On Sunday, 30 November, Barbara Creecy, Minister of Transport, officially launched the 2025 / 2026 '365-Day Arrive Alive Road Safety Campaign', under the banner, "It Starts With Me".
The campaign rests on the view that human behaviour is at the heart of road safety and calls for improved law enforcement, public-awareness messaging and civic responsibility across motorists, pedestrians and passengers alike.
Early signs of enforcement are already visible. On the first day of the festive season campaign alone, law-enforcement authorities arrested more than 90 motorists and issued 5 626 traffic fines, targeting offences such as speeding, drunk or negligent driving and unroadworthy vehicles.
This aggressive enforcement is designed to meet the realities South Africans face on the roads, and precisely those realities were tragically underscored just days before the campaign officially launched.
On Friday, 28 November, in Limpopo, a devastating multi-vehicle collision on the N1 near Makhado claimed the lives of five people and injured 22 others. The crash involved two trucks, a sedan, a bakkie and a minibus taxi with initial reports citing speeding and loss of control as likely contributors.
Meanwhile, only a day later in Johannesburg, a taxi driver was arrested for DUI and traffic violations after allegedly hitting a marathon runner during the Soweto Marathon on Saturday, 29 November. The crash occurred despite traffic controls, indicating persistent risk even under enhanced public event security.

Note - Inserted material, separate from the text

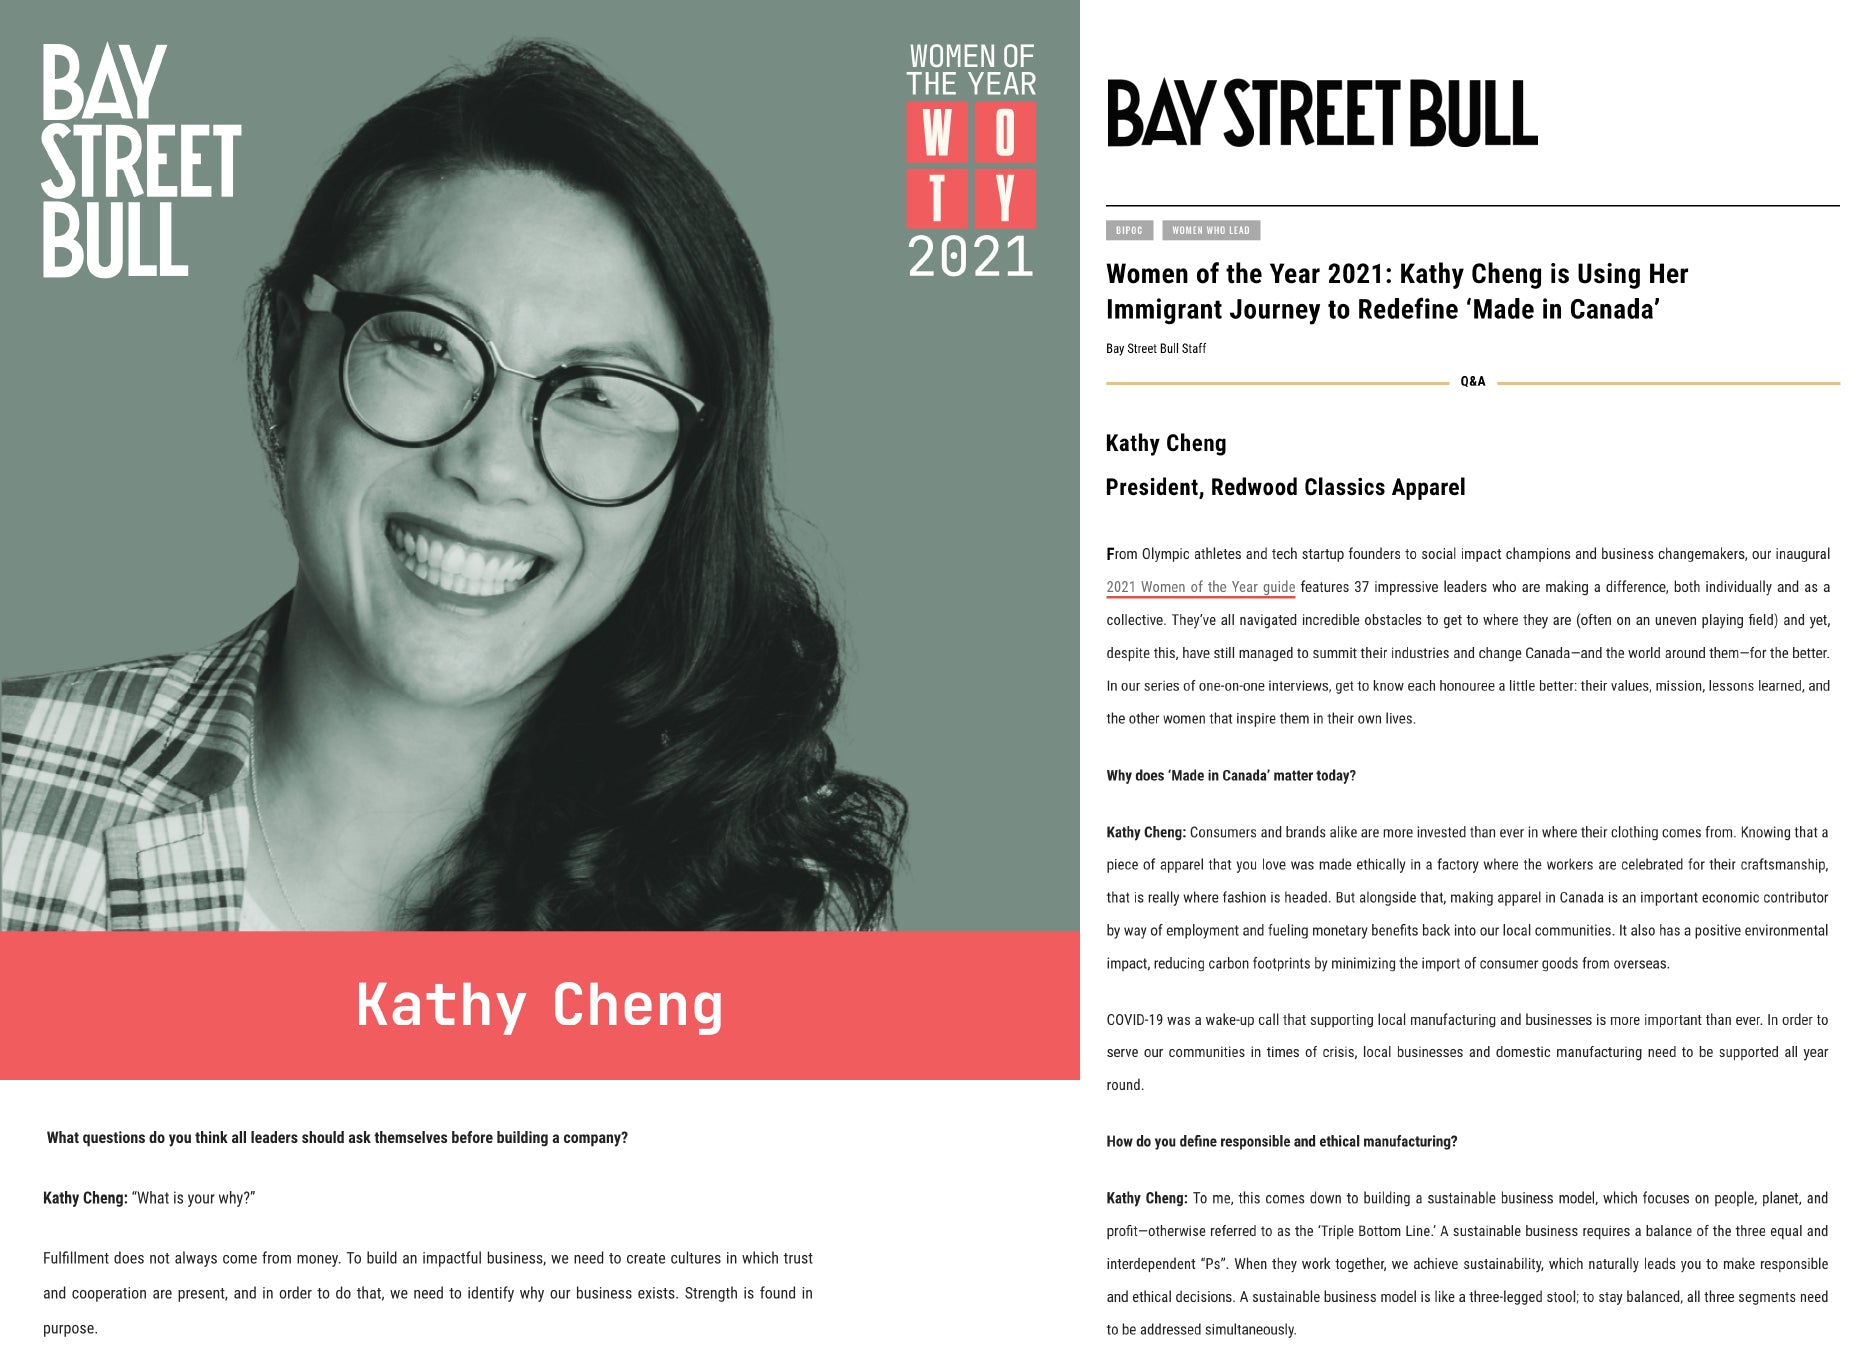 Bay Street Bull - Women of The Year (WOTY): Kathy Cheng, Redwood Classics Apparel

These incidents raise the question: Do high-profile campaigns like 'Arrive Alive' meaningfully shift behaviour, or do they struggle against deeper systemic issues?

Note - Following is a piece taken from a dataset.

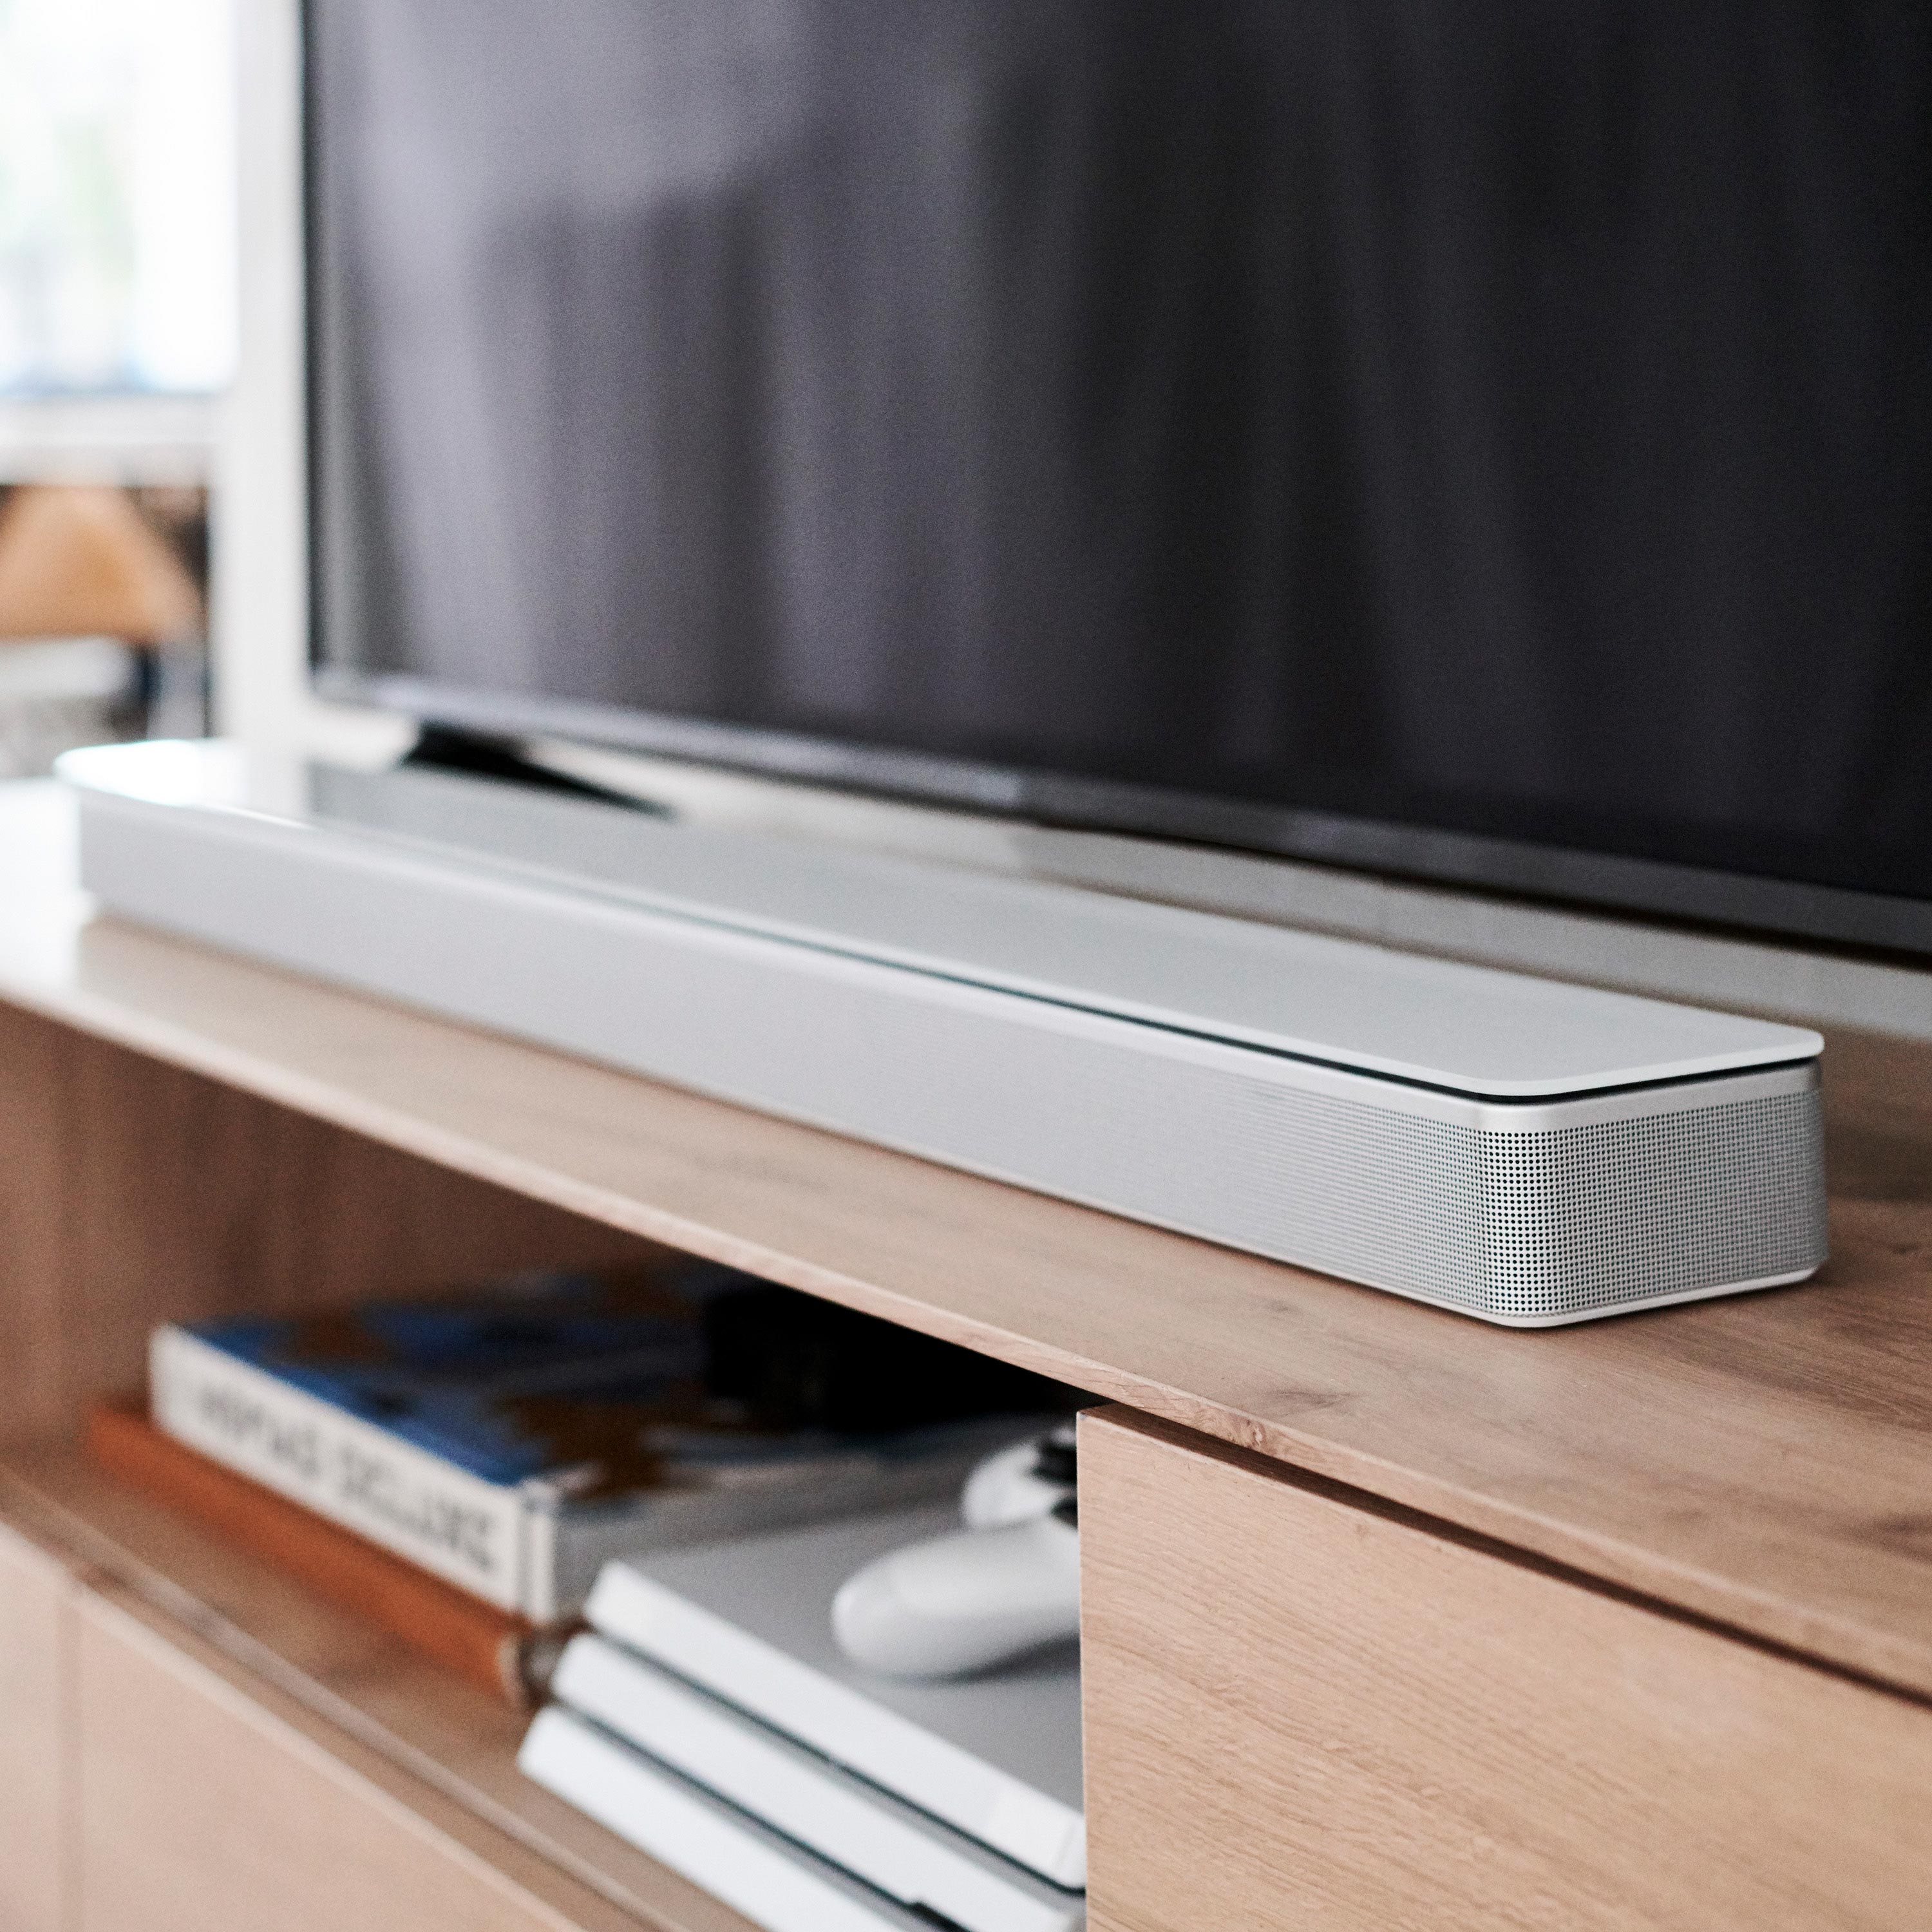 Product image of the Bose Souundbar 700 (white) from Bose press release. The soundbar sits ona wood TV stand with a TV above it.

Recent data from the Road Traffic Management Corporation, together with 'Arrive Alive', shows that South Africa continues to lose an estimated 12 000 to 14 000 people to road crashes each year. This persistent fatality rate places road accidents among the country's leading causes of unnatural death.
What 'Arrive Alive' demonstrates is the challenge of translating policy and public-messaging into consistent, everyday caution on the roads. The campaign's broad strategy (combining visible law enforcement, community engagement and public-education drives) is perfectly sound.
But, unless such efforts are sustained beyond high-profile launches and festive seasons, and paired with systemic support (e.g. infrastructure maintenance, responsible public-transport regulation), the same patterns of reckless driving, alcohol abuse and preventable accidents are likely to persist.
While 'Arrive Alive' remains a vital initiative and campaign, the recent tragedies remind us that changing road-user behaviour takes more than flashy slogans and sporadic law-enforcement — it demands consistency, accountability and ongoing behavioural reinforcement that lasts long after the headlines fade.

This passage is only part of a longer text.